3.3.2. Variation in Class-Level Landscape Patterns

Figure 6 shows the varying built-up class-level landscape patterns in 250 × 250 m fishnet grids of Dharamsala. In general, over the study period, AI revealed that the built-up area was highly aggregated within and around the city. However, from the spatiotemporal variation perspective, the AI continued to decline, indicating isolated growth of newer built-up areas. As shown, in 2010 and 2016, the spatial extent of high AI was distributed across the landscape; however, by 2019, AI decreased for most parts of the landscape, indicating isolated development of newer built-up areas. PD, however, was opposite to AI, with higher values beyond city boundaries, demonstrating a tendency of expansion and a higher degree of fragmented growth beyond the city core. Notedly, the decrease in PD and AI values during urbanization demonstrates that the city core area continued to expand. In outer zones, however, positive PD values increased, especially in 2016, due to considerably large-scale urban development as observed in Section 3.2.1. The monotonically increasing trend and variations in LSI values across the landscape revealed increased irregularities and disaggregation due to and among the newly developed built-up patches over the study period. The similar range of LSI values at both the city and the outer level indicates a comparable degree of shape irregularity even beyond city limits. Similar findings were observed with SHP_MN, indicating a similar level of geometrical complexities across the landscape. Our observations indicate that increasing trends of shape complexity were observed in the western direction of landscape, while, within the city boundary, high SHP_MN value grids changed to lower SHP_MN value grids, indicating more compact growth in the core. The LPI, representing the dominance of built-up patches, revealed the prominence of the built-up areas in the city core and eastern part of the landscape in 2002. Over the course of study, the majority of the landscape area remained unchanged in LPI. In comparison to 2002, the years 2016 and 2019 indicated extensive urban growth and, hence, expansion of LPI in the eastern direction from the city center, leading to the integration of far eastern built-up areas within the city core.

Figure 7 shows the varying built-up class level landscape patterns in 100 × 100 m fishnet grids of Pithoragarh. As shown, the higher AI indicated that the built-up area was more aggregated in nature in 2001 and 2008 at both levels, but the high LULC change intensity in the following years caused fragmentation of the landscape, resulting in lowered AI, implying the disaggregated development of newer built-up patches. The AI pattern also revealed that built-up areas intensively aggregated in all directions of the Pithoragarh landscape. Similar to Dharamsala, PD values were also opposite to AI in Pithoragarh. The random and scattered distribution of high PD values across the landscape in 2016 and 2019 demonstrated a tendency of expansion and a higher degree of fragmentation even beyond the city boundary over the process of urbanization. Over the study period, the increased trend and spatial extent of higher LSI values in the majority of the landscape parts indicated the least compact form of urban development.

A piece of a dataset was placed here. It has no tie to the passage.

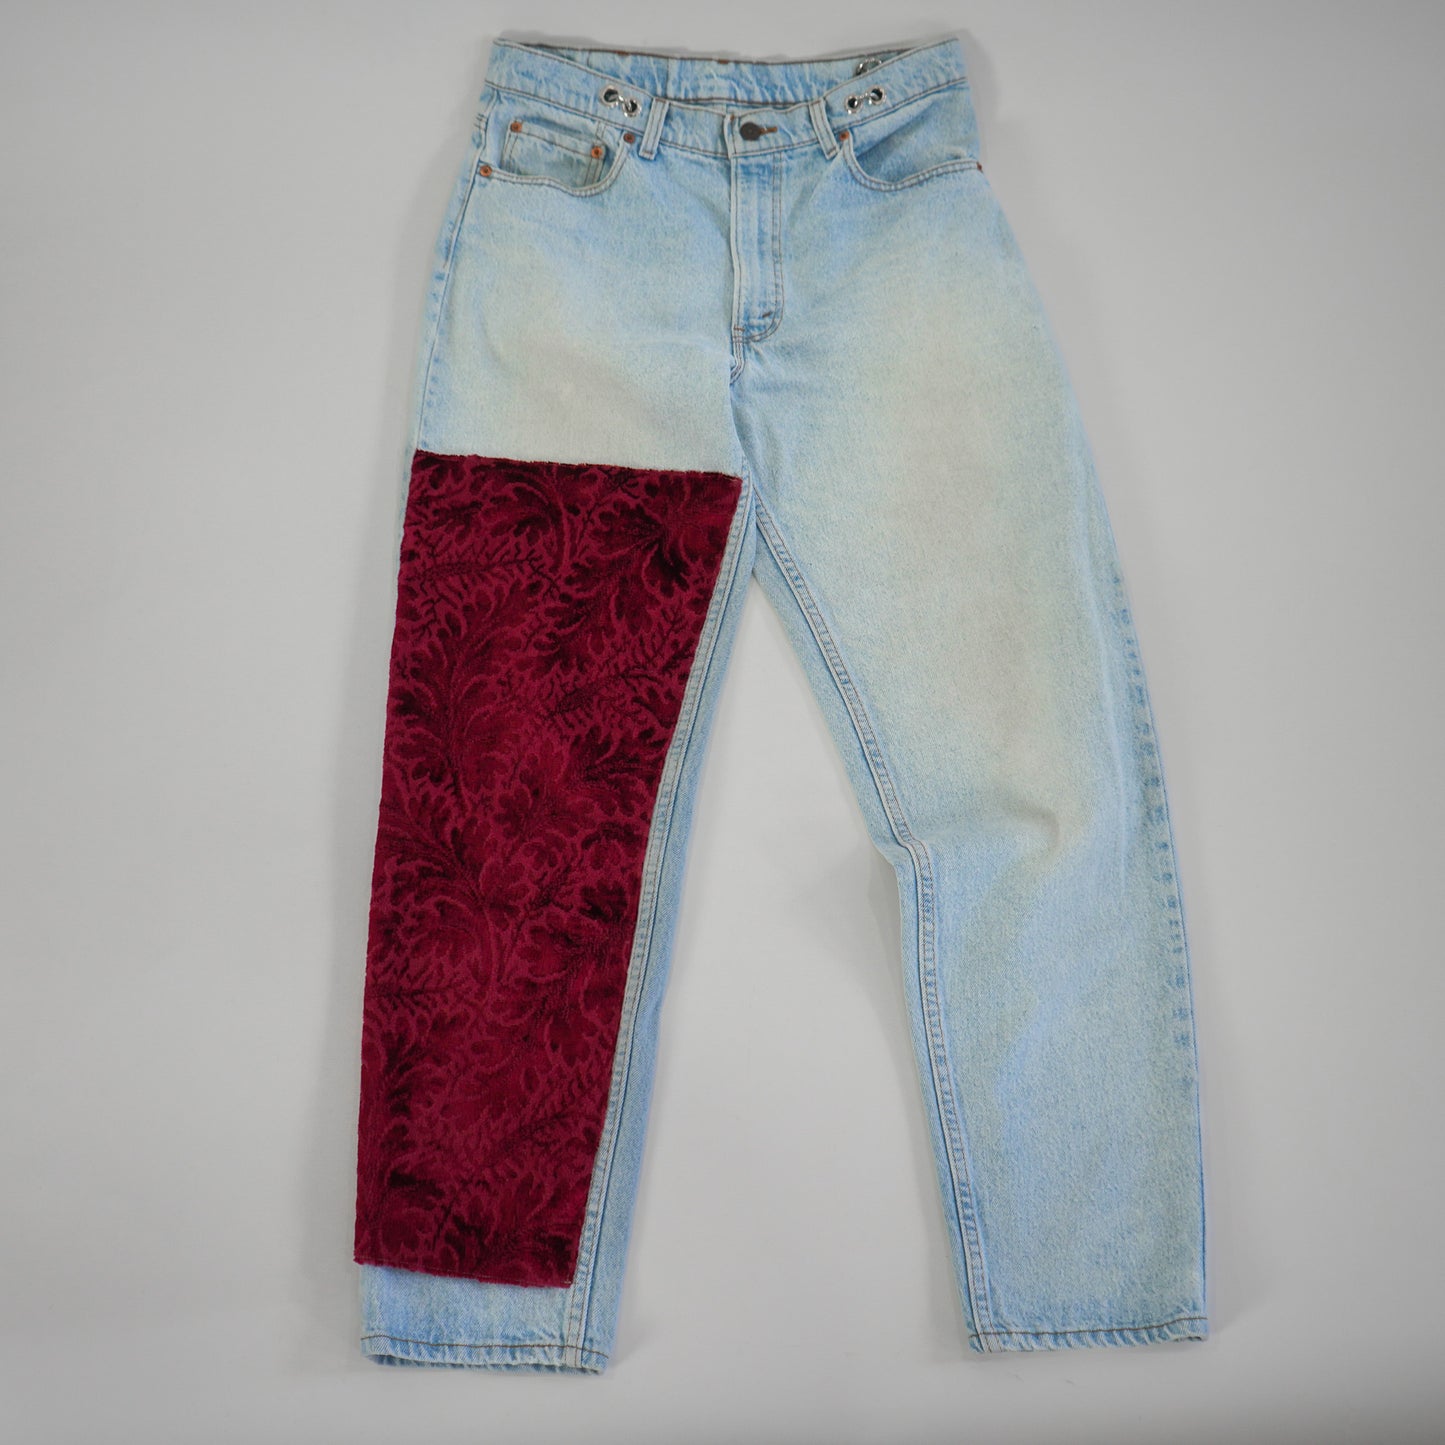 Tapestry Patchwork Jeans Light Wash (W 33)

However, the dissimilar range of LSI values between both city and outside level indicated a highly disaggregated form of urban development in the eastern part of outer zones, in contrast to aggregated urban development in the northern part of city. Similar to Dharamsala, we observed that SHP_MN at both city and outer zone levels of the landscape indicated a similar level of geometrical complexities across the landscape. In 2001, the LPI pattern in Pithoragarh clearly indicated urban growth in all directions from the city boundary. However, lowered LPI was observed in 2008 in the eastern and western parts of the outer zone, while increased LPI in the city core indicated compact urban development by 2008. Due to a higher degree of LULC change by the year 2016, we observed larger built-up patches distant in the northeastern direction, which were also connected with city core. The 2019 pattern revealed the establishment of large built-up patches simultaneously connected to the city core at a far distance in the eastern and northeastern parts of the outer zone.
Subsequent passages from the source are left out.